Directions | The lines from the one with "Rubatà Rosemary Breadksticks 7.1 oz" through the last line of the material below, copied exactly and free of pictures, make up the whole answer.

Supplied information |
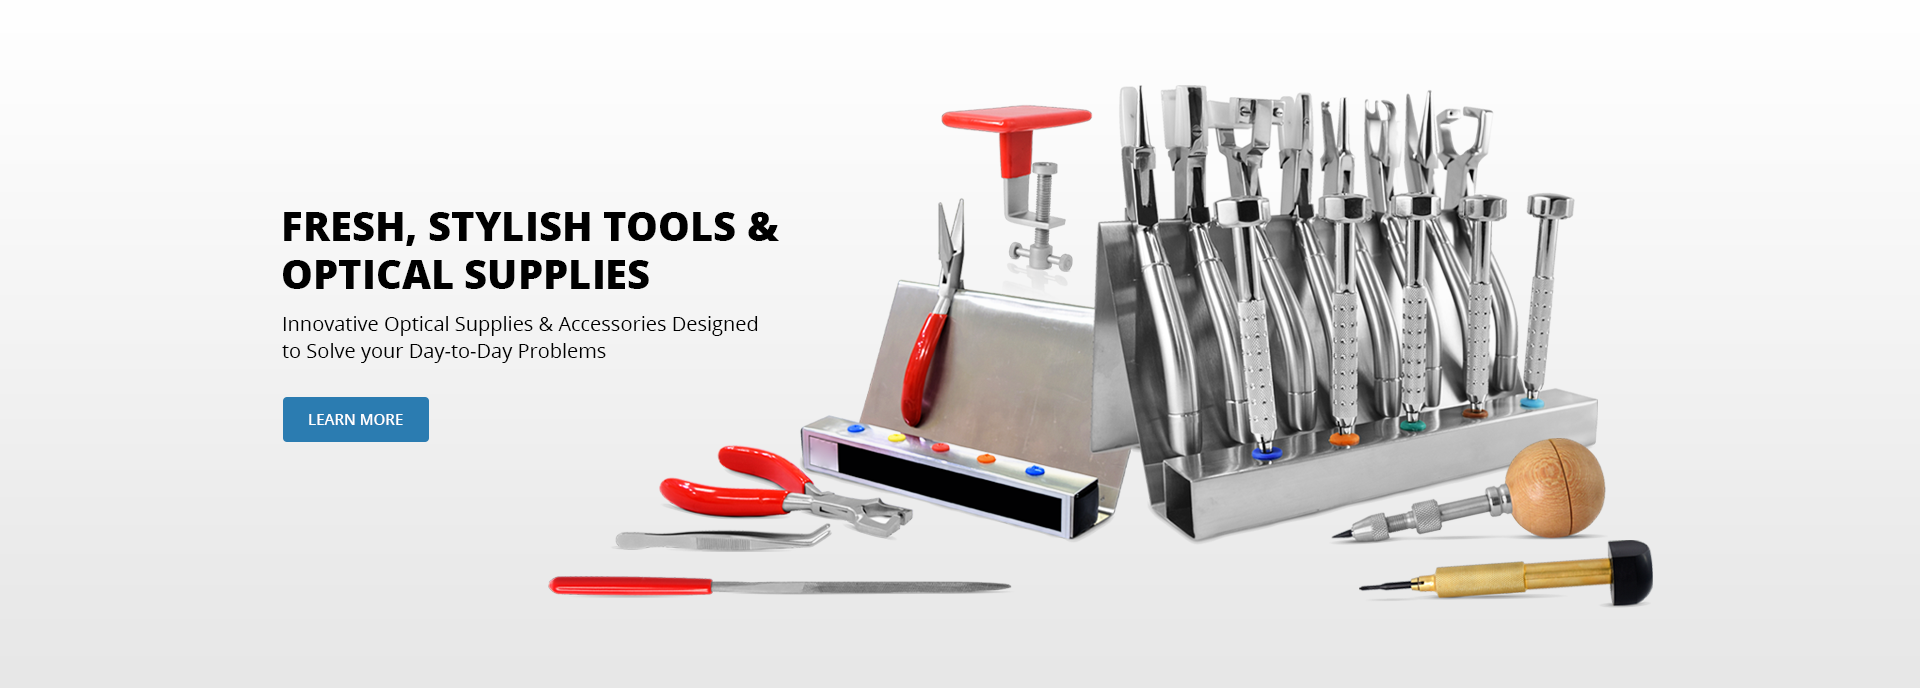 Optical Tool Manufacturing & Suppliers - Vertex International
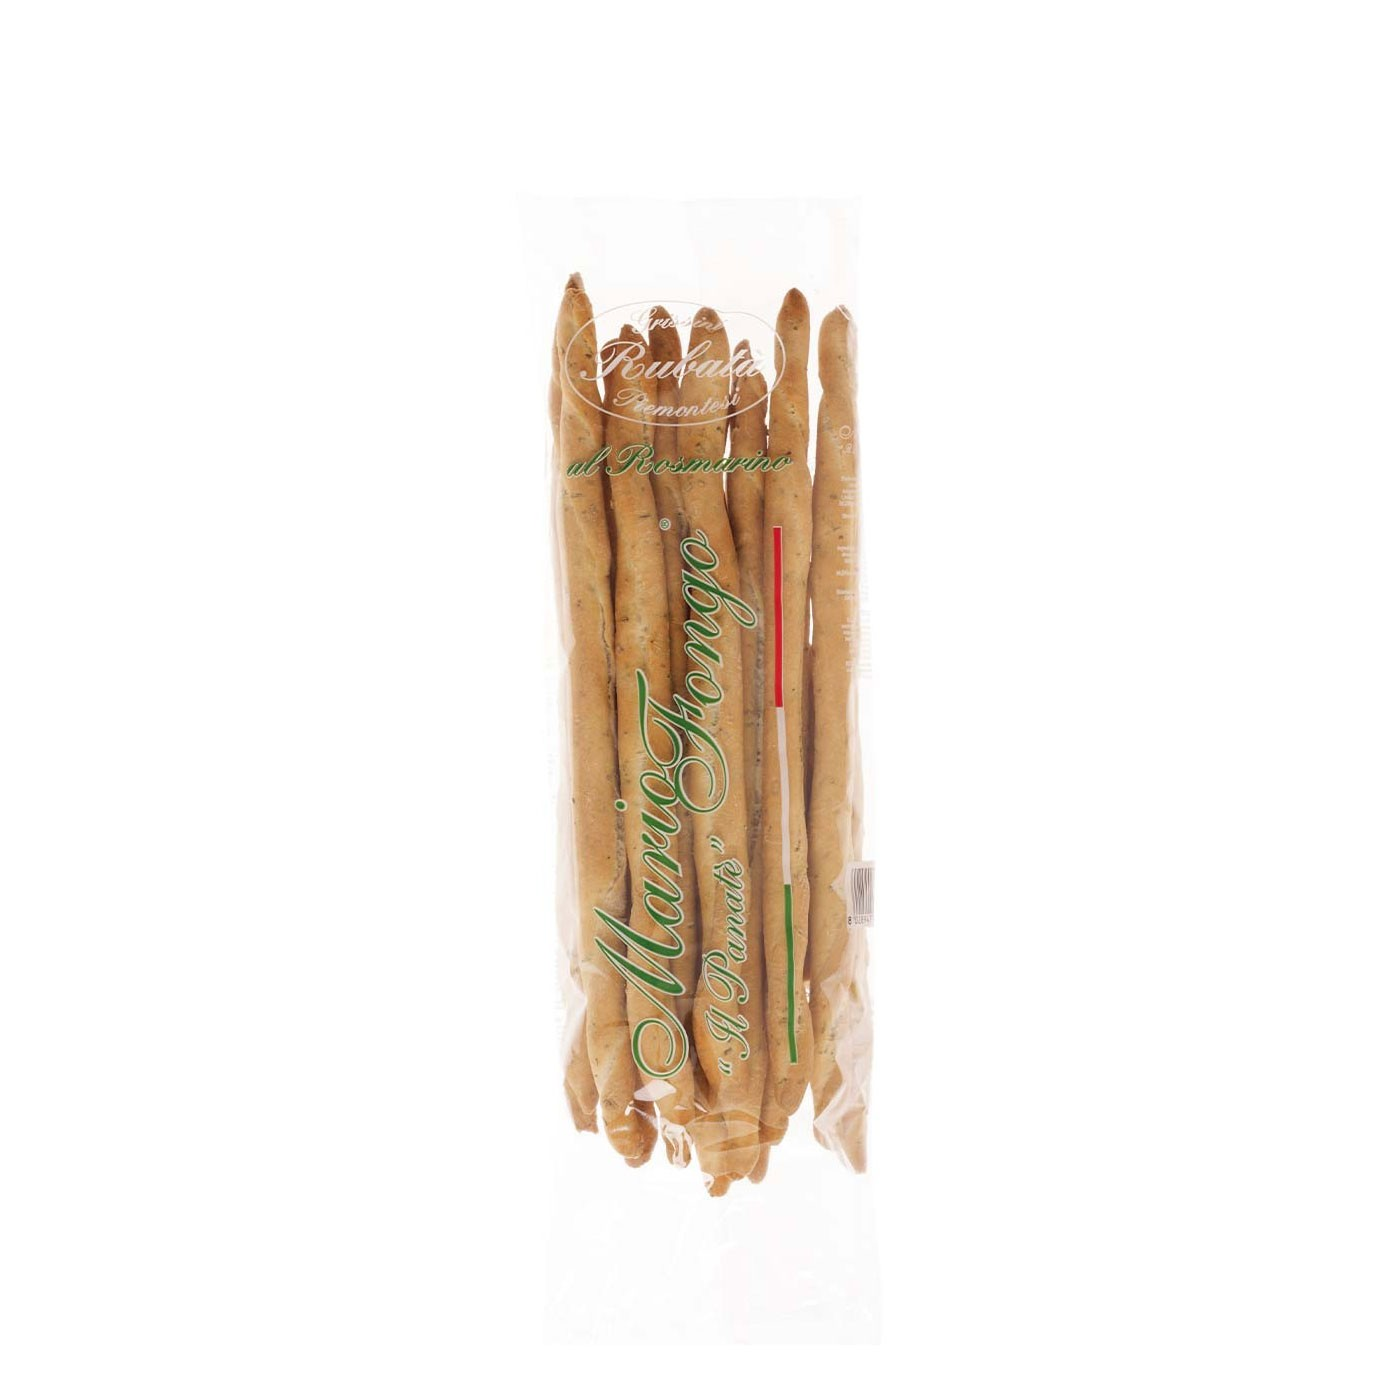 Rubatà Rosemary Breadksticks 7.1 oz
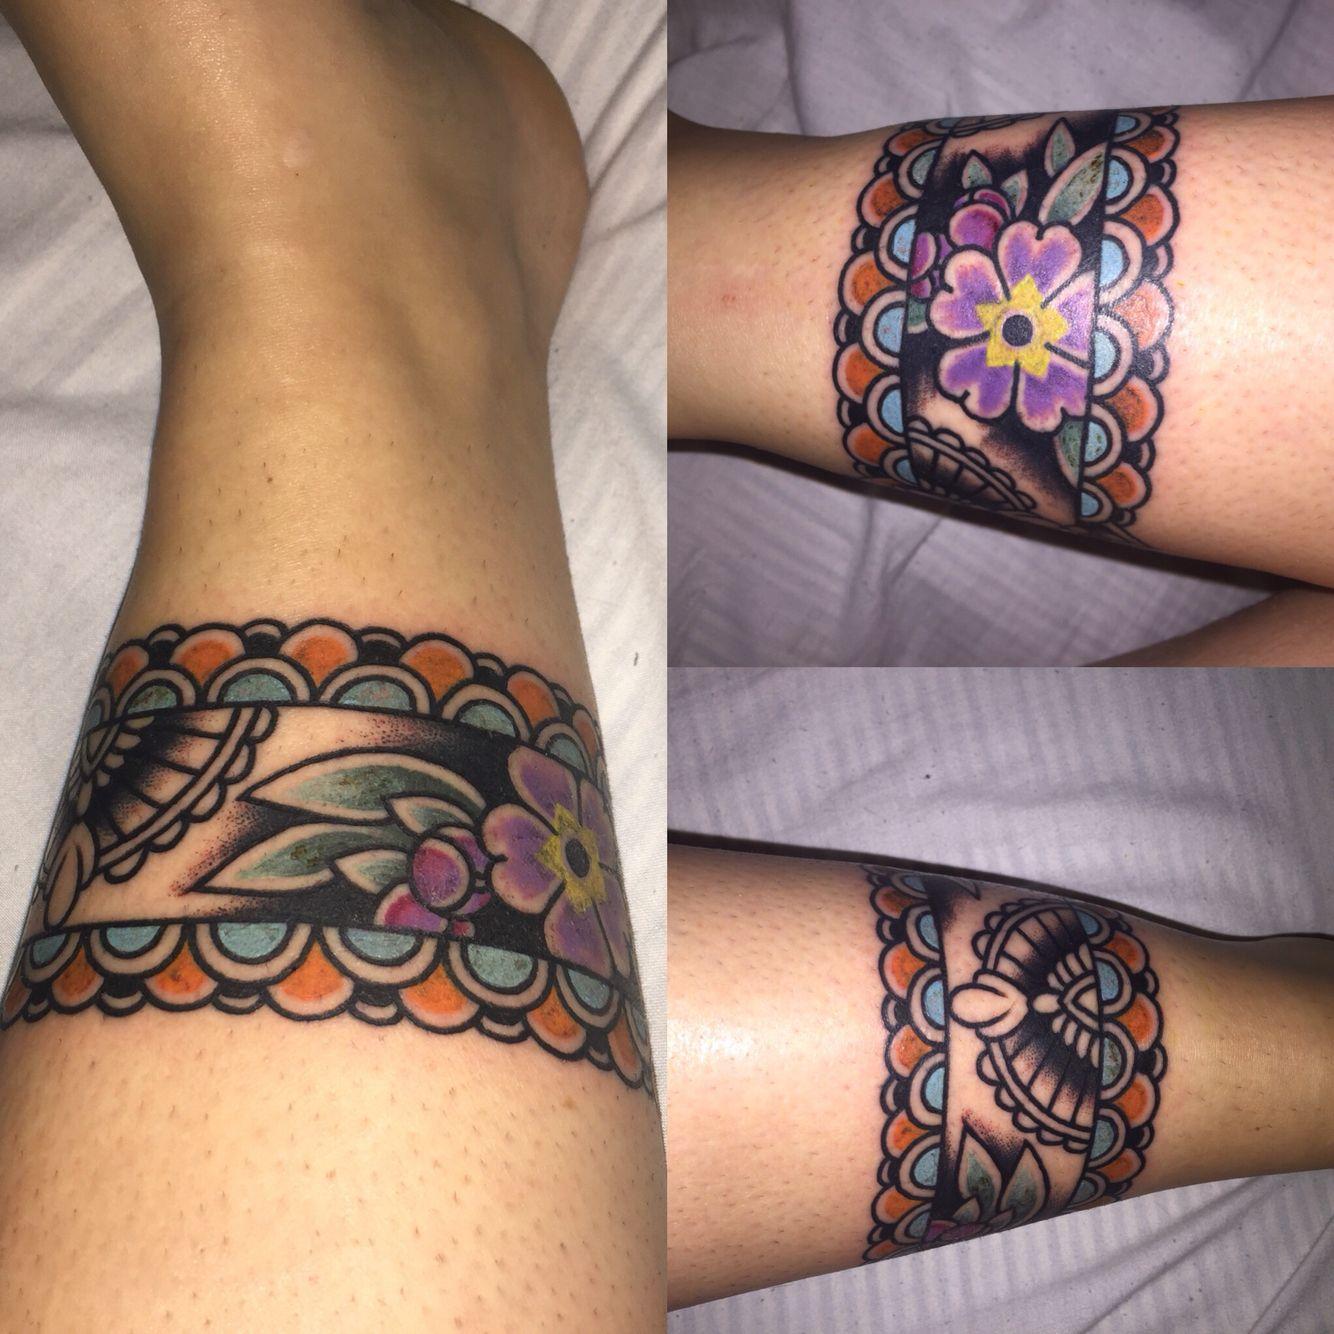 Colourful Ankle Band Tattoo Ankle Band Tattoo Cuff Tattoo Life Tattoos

Task response |
 Rubatà Rosemary Breadksticks 7.1 oz
 Colourful Ankle Band Tattoo Ankle Band Tattoo Cuff Tattoo Life Tattoos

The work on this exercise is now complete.